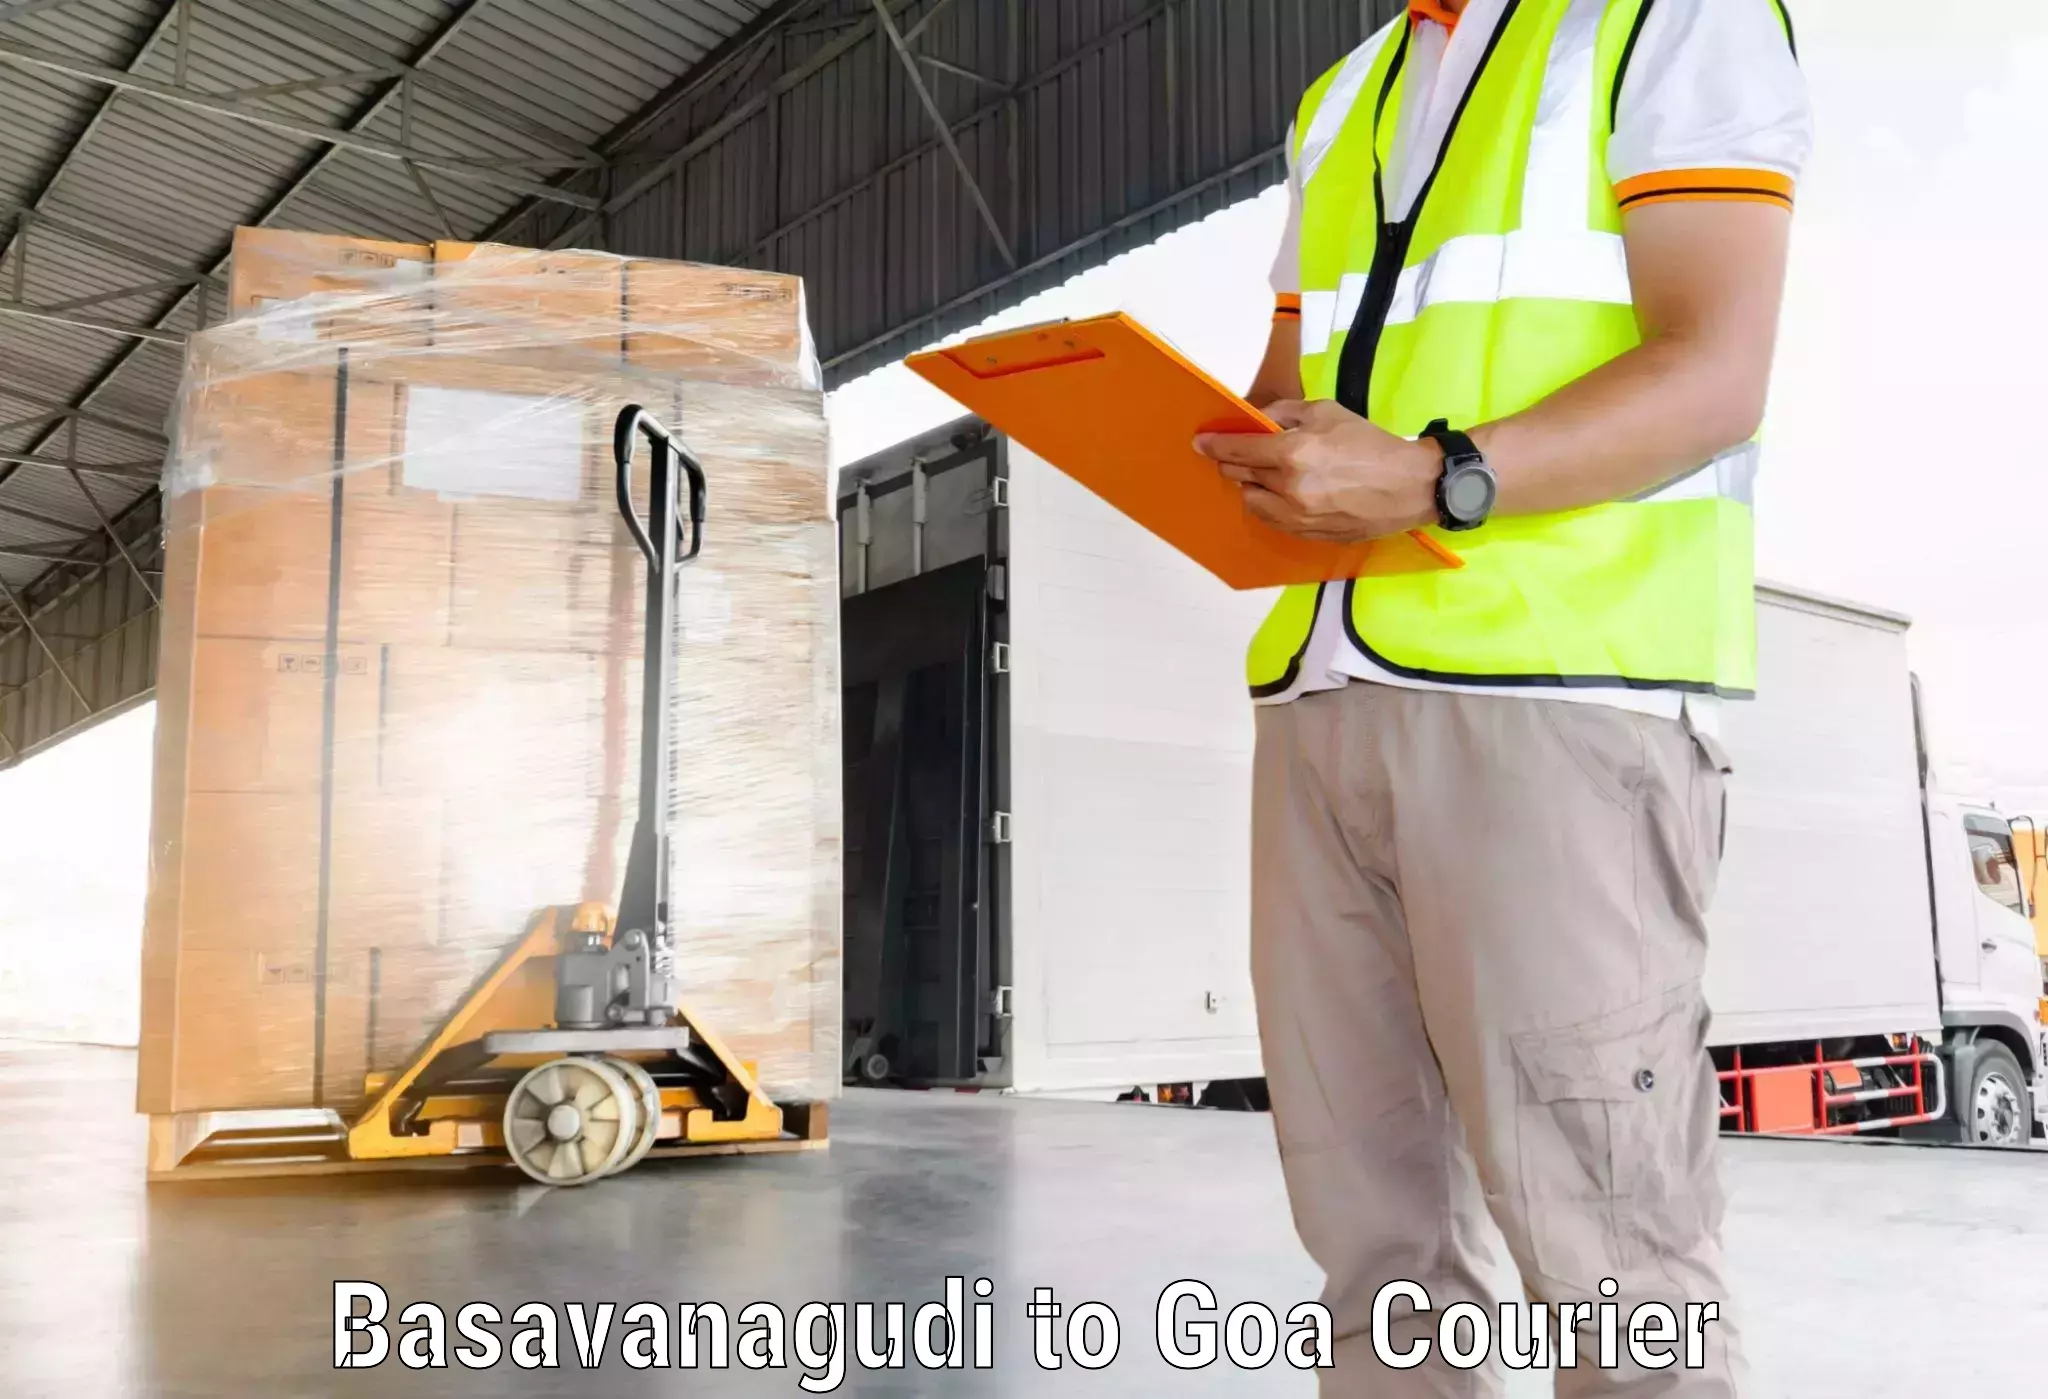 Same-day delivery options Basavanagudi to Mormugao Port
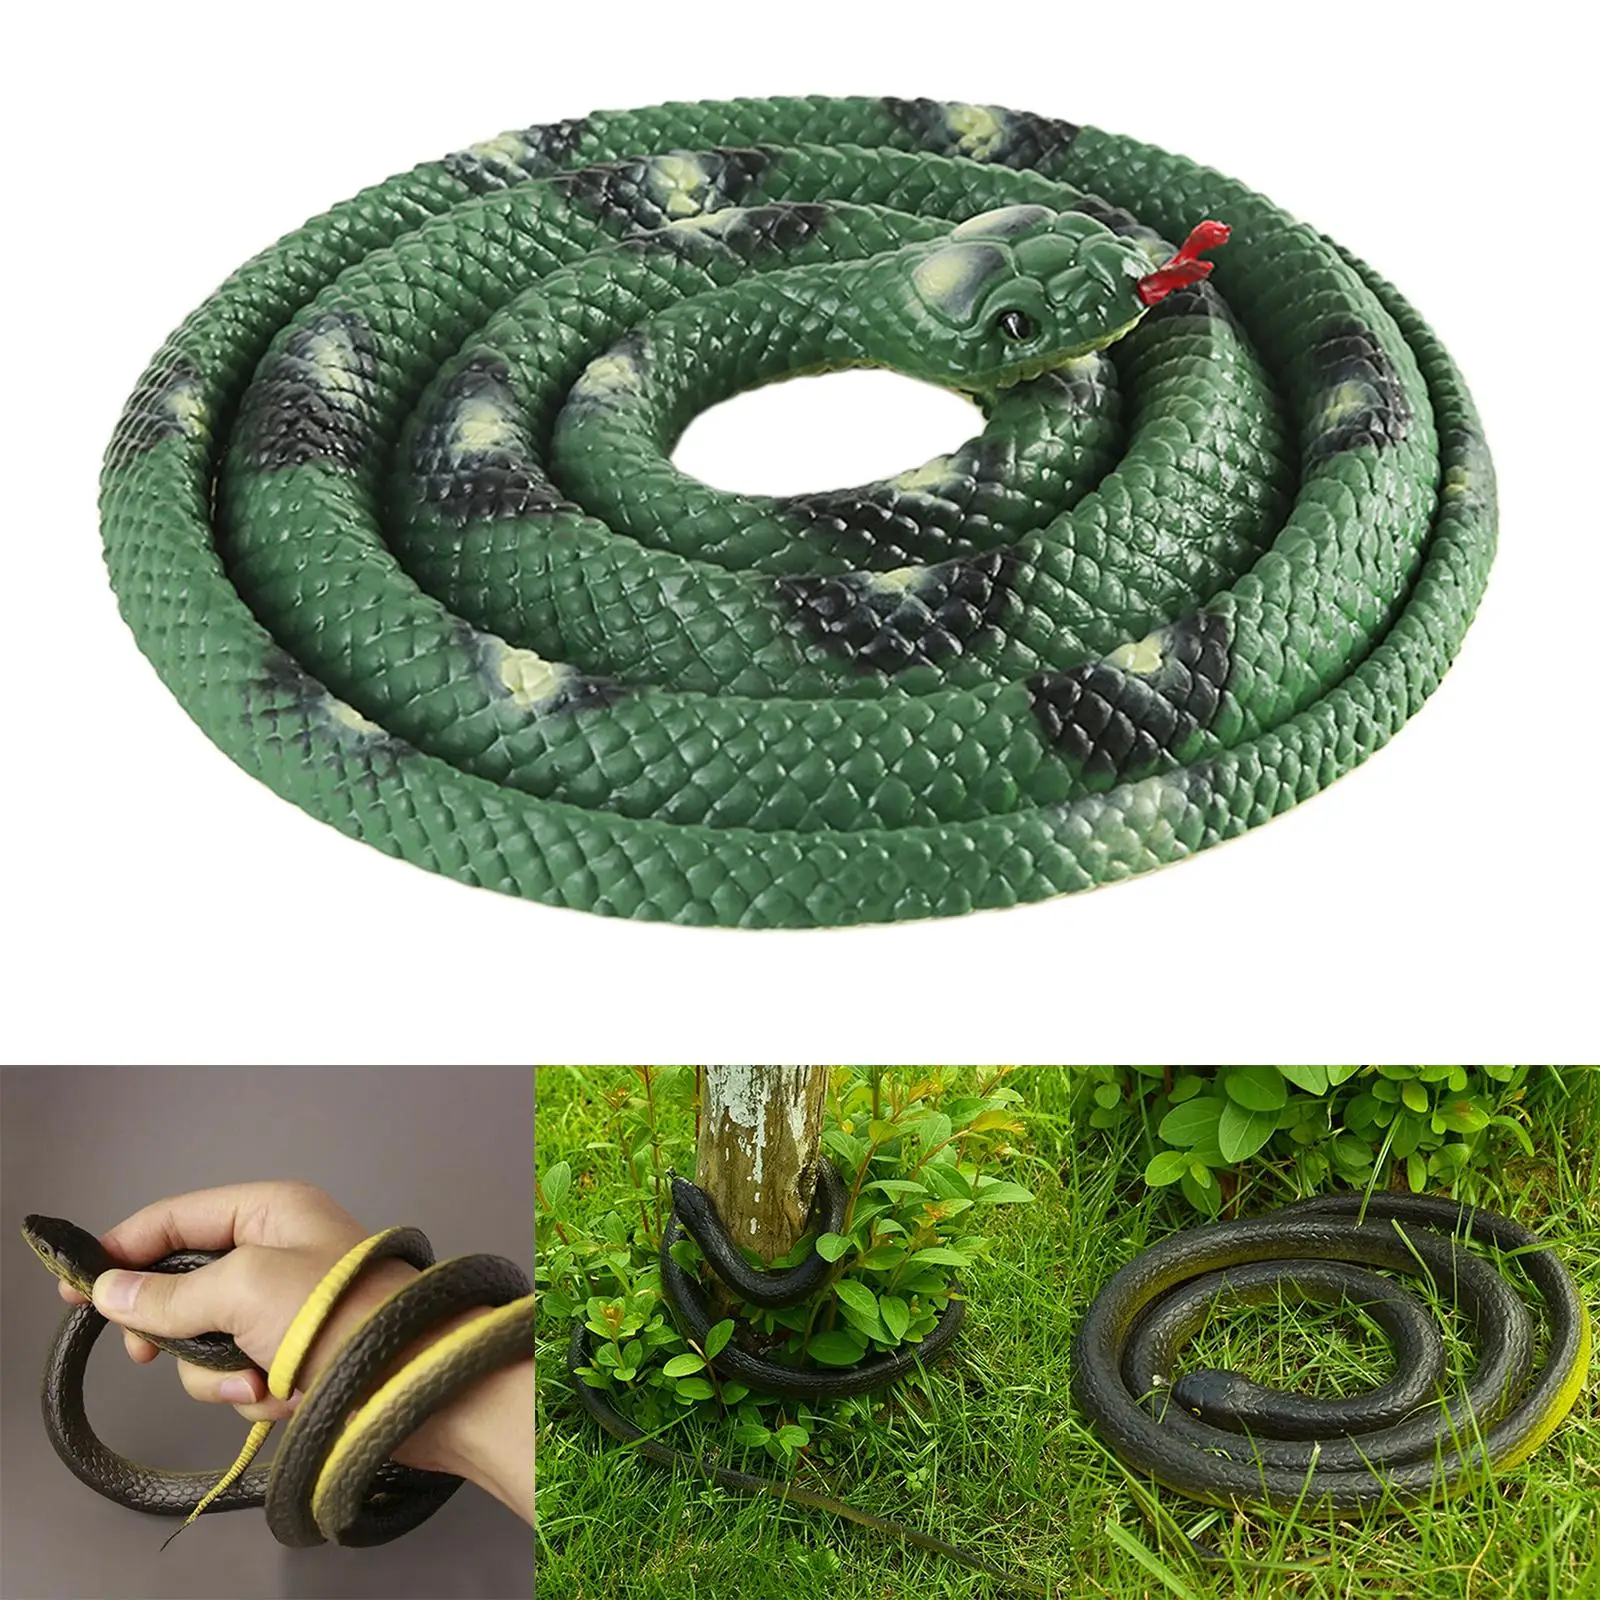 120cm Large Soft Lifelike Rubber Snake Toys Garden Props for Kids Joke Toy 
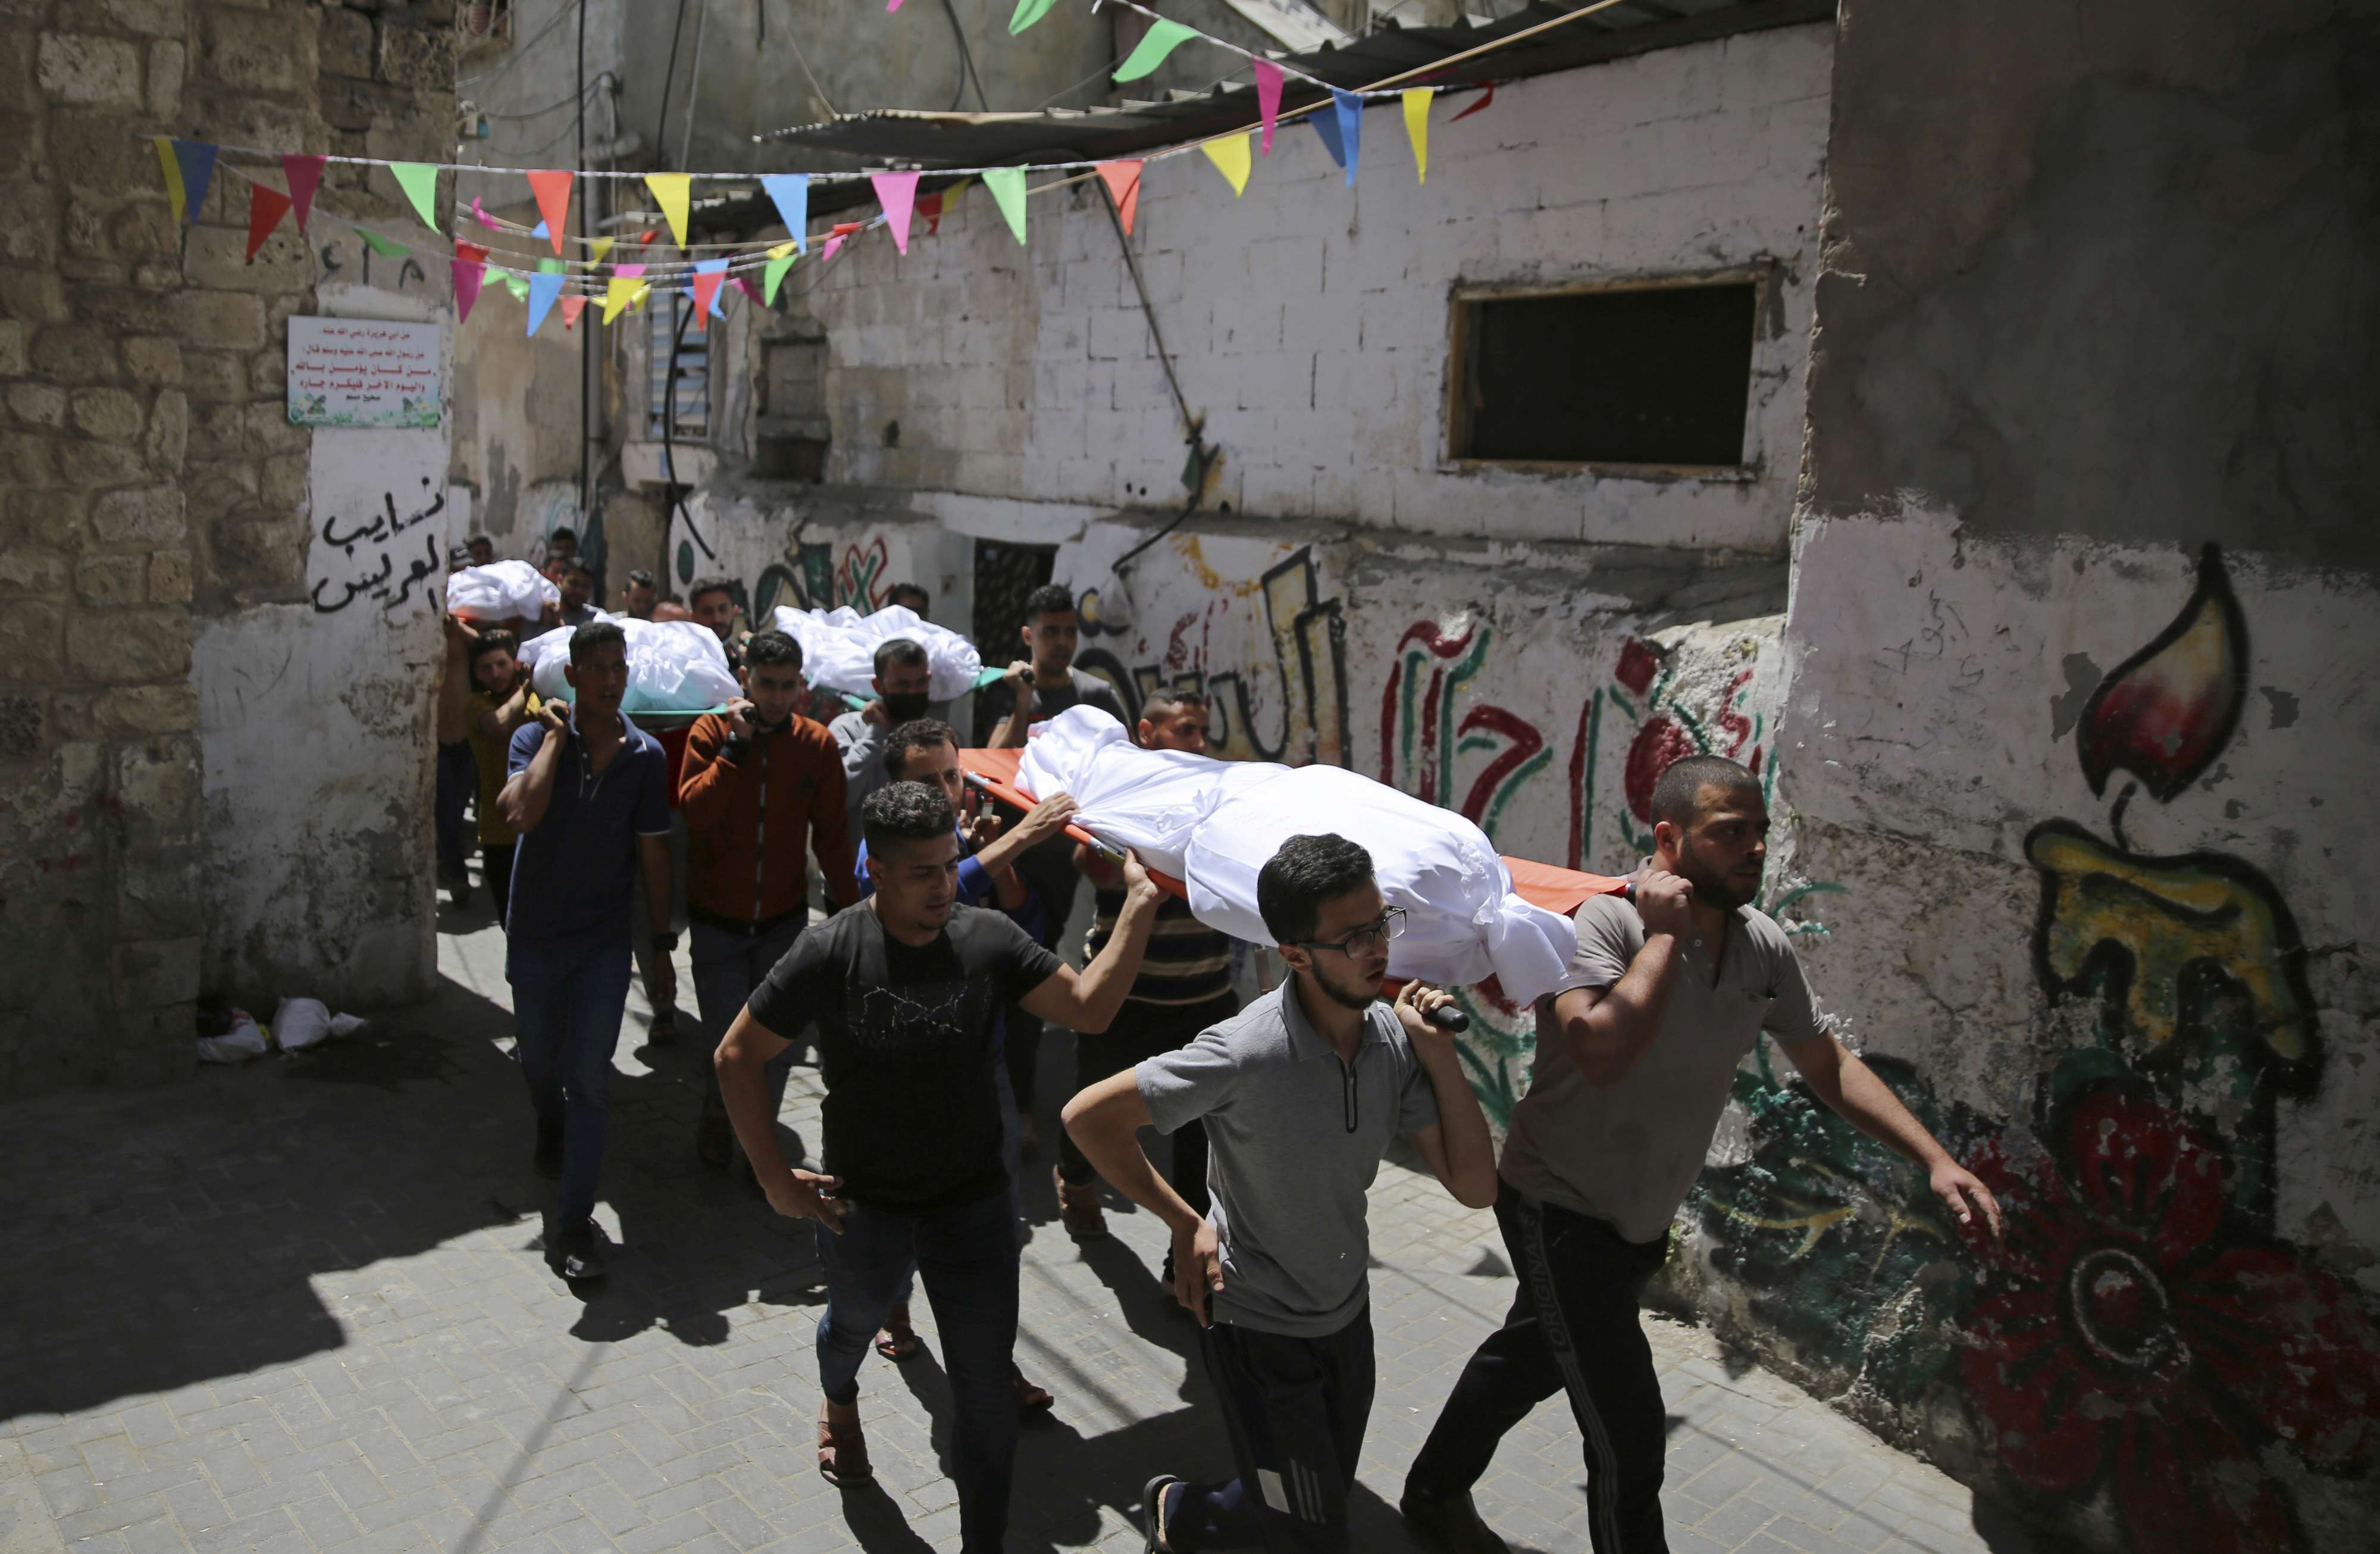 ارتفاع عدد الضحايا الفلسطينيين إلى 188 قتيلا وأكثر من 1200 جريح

EXERCISE BRIEF: Skipping all pictures, set the listing down exactly as written.

FINISHED EXERCISE:
 Same-day delivery options Basavanagudi to Mormugao Port
 120cm Large Soft Lifelike Rubber Snake Toys Garden Props for Kids Joke Toy 
 ارتفاع عدد الضحايا الفلسطينيين إلى 188 قتيلا وأكثر من 1200 جريح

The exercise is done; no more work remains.